French fuel strikes pose threat to Euro 2016 with petrol stations running dry

President Hollande forced to deny his country faces a ‘May revolution’, comparable to the students and workers’ revolt of May 1968

 Workers on strike block the access to the harbour of Saint-Nazaire, western France
Workers on strike block the access to the harbour of Saint-Nazaire, western France

A collision between the French government and the country’s largest union federation threatens to paralyse the country two weeks before the Euro 2016 football championship.

One quarter of all French petrol stations were closed or running short of fuel after the militant CGT union federation blockaded refineries and depots in a dispute over reforms of employment law.

After the government sent in riot police to clear pickets from a large refinery near Marseille, the union federation retaliated by calling for strikes in all eight of the country’s refineries.

The Confédération Générale du Travail (CGT) – the largest and oldest of the eight multi-industry trades union federations in France – has also called for an open-ended strike on the Paris Metro from next Thursday and a strike on the French railways from next Thursday. CGT has also called for a one-day strike in power stations on Thursday. CGT also called a strike by air traffic controllers for three days the weekend after next, the weekend before the football tournament begins.

Police car burnt by protestors during demonstration in Paris

Motorists in large parts of the country, especially in Paris, the west and the north, had to queue or drive for many miles to find petrol. In one typical small town in Normandy, Thury-Harcourt, both petrol stations were dry this morning, resupplied during the day, but dry again by the evening.

The government blamed the shortages on panic buying by motorists and said that – despite the strikes and blockages – normal supplies of fuel were available.

Motorists queuing at a petrol station in Combourg, western France 

Stations which had fuel were ordered by the government to limit motorists to €30 (£23) of petrol or diesel each.

British motorists travelling to France in the next few days would be well-advised to arrive with full tanks. Some of the worse stricken areas are around the Channel tunnel and ferry ports in northern.

Officially, the government dismisses any possibility of disruption to the Euro 2016 football championship, which begins two weeks on Saturday. Unofficially, there are fears that the dispute could continue for many days and could become more entrenched and even violent.
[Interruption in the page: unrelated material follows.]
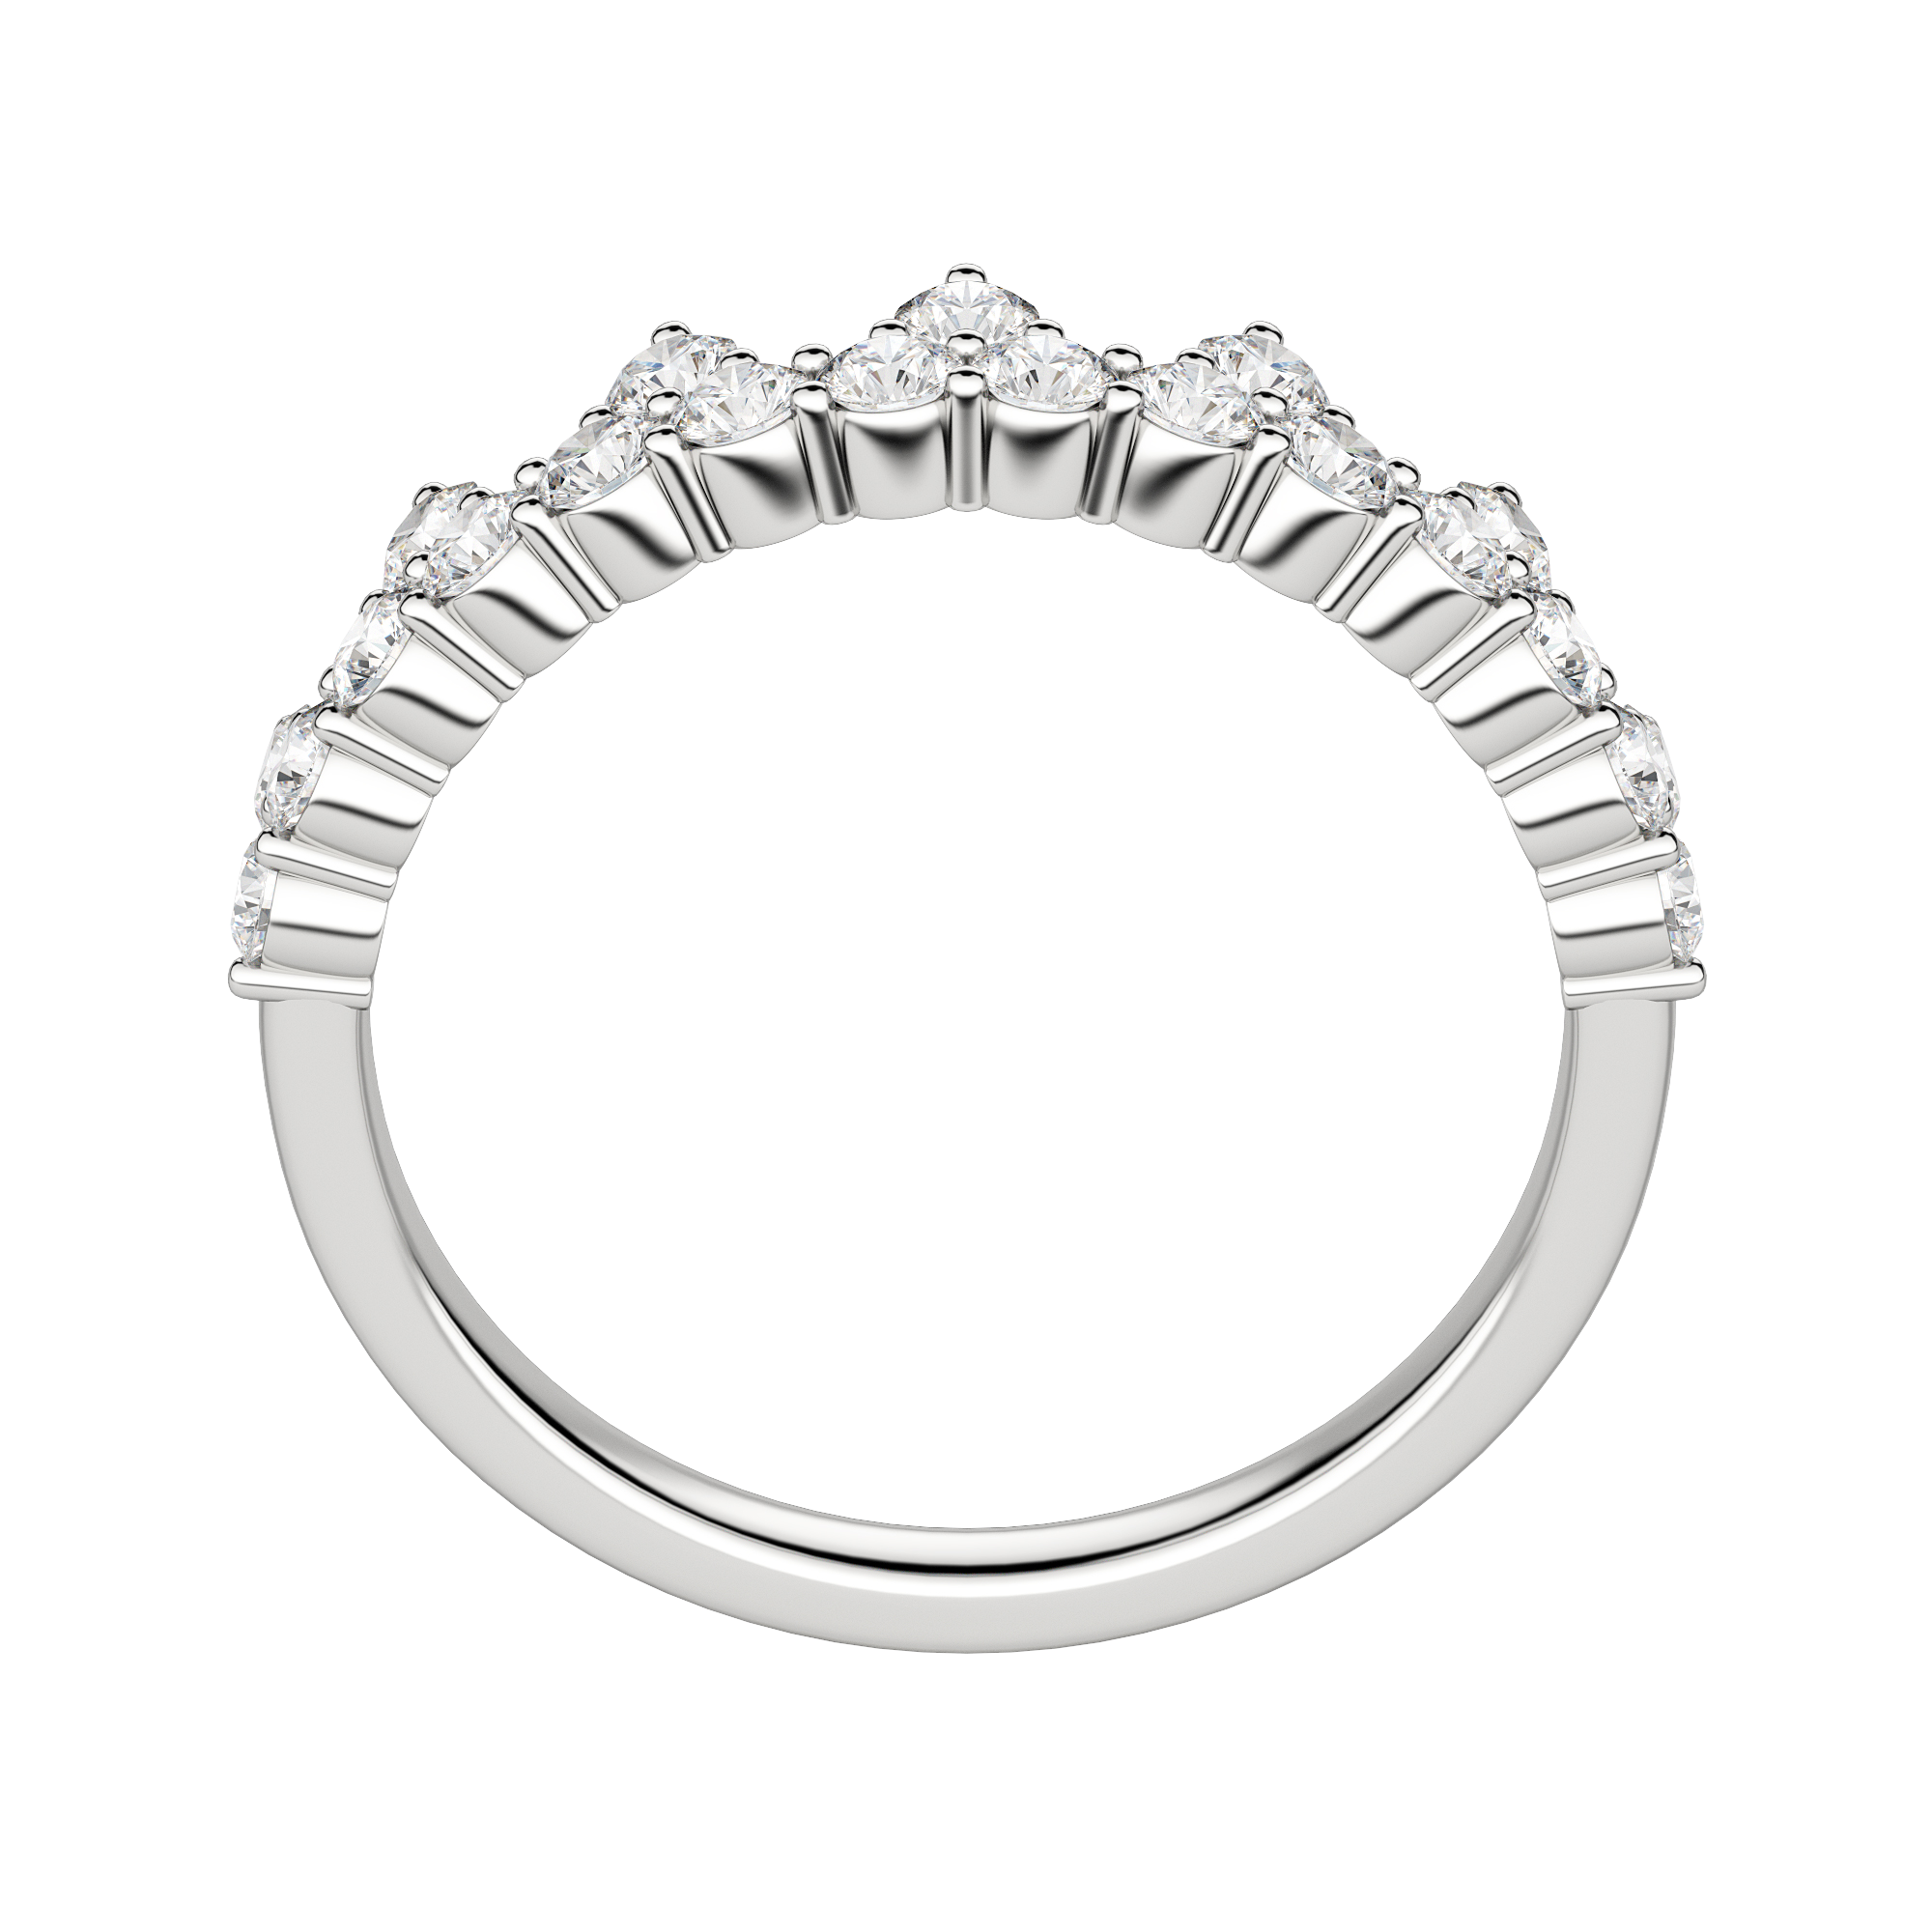 Crown Wedding Band, Hover, 14K White Gold, 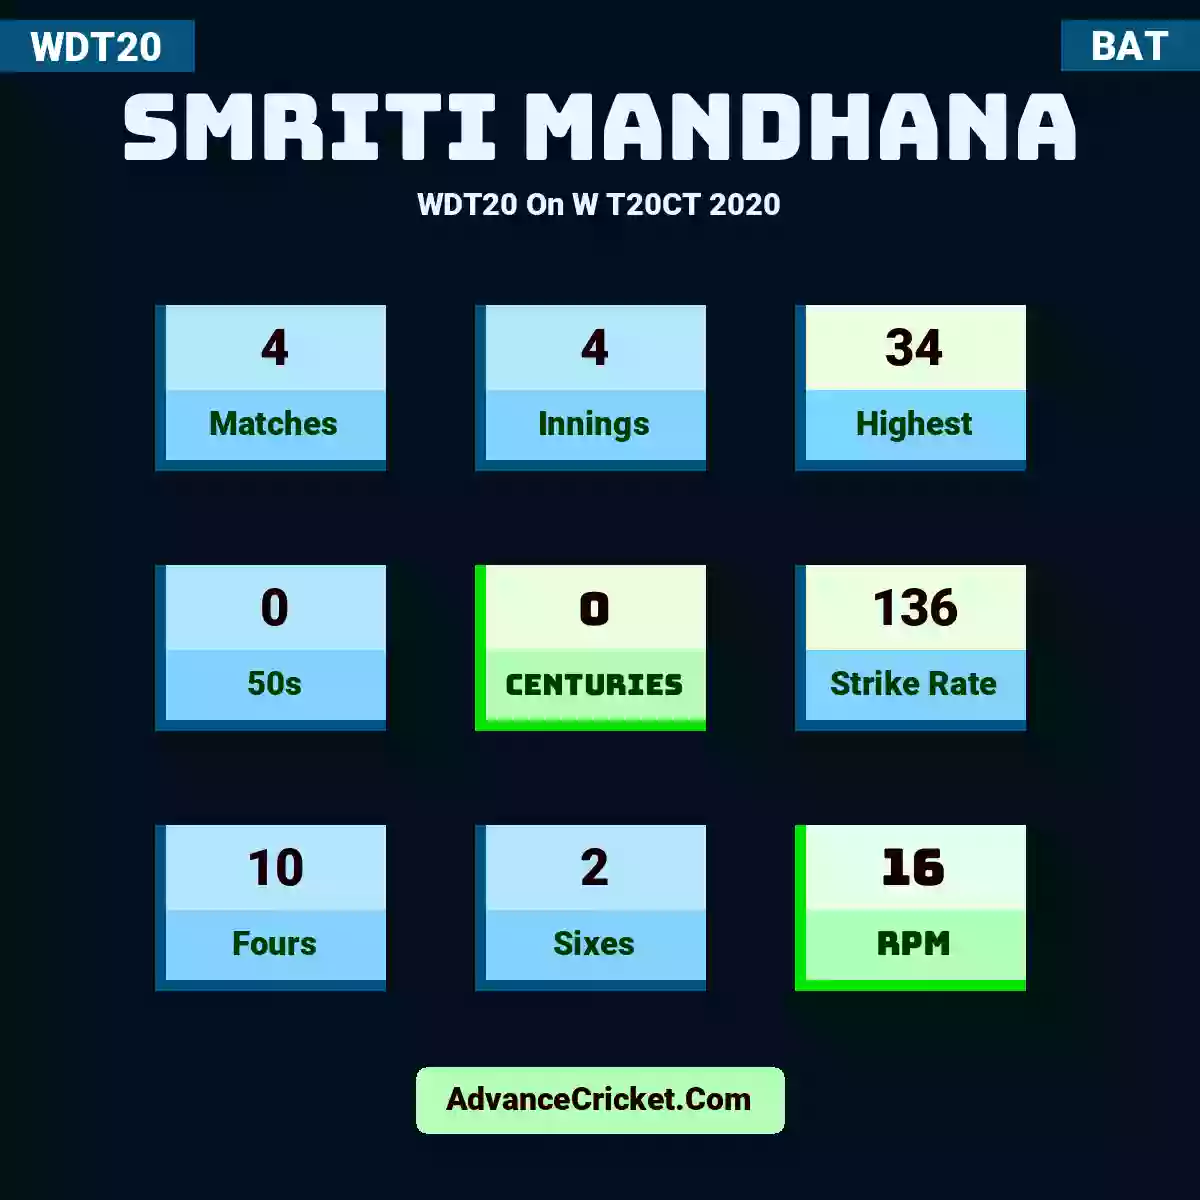 Smriti Mandhana WDT20  On W T20CT 2020, Smriti Mandhana played 4 matches, scored 34 runs as highest, 0 half-centuries, and 0 centuries, with a strike rate of 136. S.Mandhana hit 10 fours and 2 sixes, with an RPM of 16.

The French government already faces a nerve-racking time during the month-long competition. More than 500,000 fans from the UK alone are expected to cross the Channel – half of them without tickets. France is still on high security alert following the November jihadist attacks, in Paris.

President François Hollande was forced to deny that France faced a “May revolution”, comparable to the students and workers’ revolt of May 1968. “May 1968 involved millions of people, students occupying universities, workers occupying factories,” he said. “This is just a traditional conflict.”

In other words: “Don’t worry. France is just being France.”

Other politicians and commentators pointed out, however, that the dispute was highly charged and that neither side could afford to back down. Raymond Soubie, former social policy adviser to ex-President Nicolas Sarkozy, said that the CGT had been hijacked by an “ultra-left minority which wants to give the impression of a France steeped in blood and flames”.

Security personnel outside the Stade de France – where the Euro 2016 will get underway from on 10 June

The immediate issue is the government's plan to make hiring and firing easier and permit local management-employer deals to take precedence over national agreements and some aspects of national labour law. The Socialist-led government says flexibility is needed to generate jobs and melt France’s stubbornly high 10 per cent rate of unemployment.

Two weeks ago the government short-circuited opposition from a large minority of its own MP’s and started the emergency procedures to push through the reforms by edict.

The dispute has crystallised hatred between the traditional or hard left and Mr Hollande’s reformist or social democratic left, including the second biggest union federation, the CFDT, which supports the labour reform. With street demonstrations and protests waning (though becoming more violent), the CGT has tried to seize the baton of leadership of the radical left.

Mr Soubie and other commenatatoirs said that the union federation was trying to shore up its own weakening influence and had increasingly fallen under the control of a hard-left minority. The CGT points out that opinion polls show that 70 per cent of French people oppose the labour law reforms.

France does not have one “TUC” but eight multi-industry union federations, which have different political persuasions or none. The CGT is the largest (just) but has been losing out both to more militant and more moderate federations. One of the others, Force Ouvrière, has backed the CGT sporadically in its fuel blockage strategy. The others have not.

Since the CGT remains strong in the transport and oil industries, it has decided to use its muscle to provoke a showdown with the Hollande administration. Its only demand is that the employment law reform should be scrapped.

Prime Minister, Manuel Valls, said that there was no question of the government backing down before the “blackmail of a minority”. He said that he would continue to send in police to dismantle “illegal” pickets at refineries and fuel depots.

After riot police used tear gas to scatter picket lines at a giant Total refinery near Marseille, the head of the CGT, Phillipe Martinez, said that the government had made a “declaration of war”. He called for strikes in all eight French refineries, of which only five have been blocked or partially blocked until now.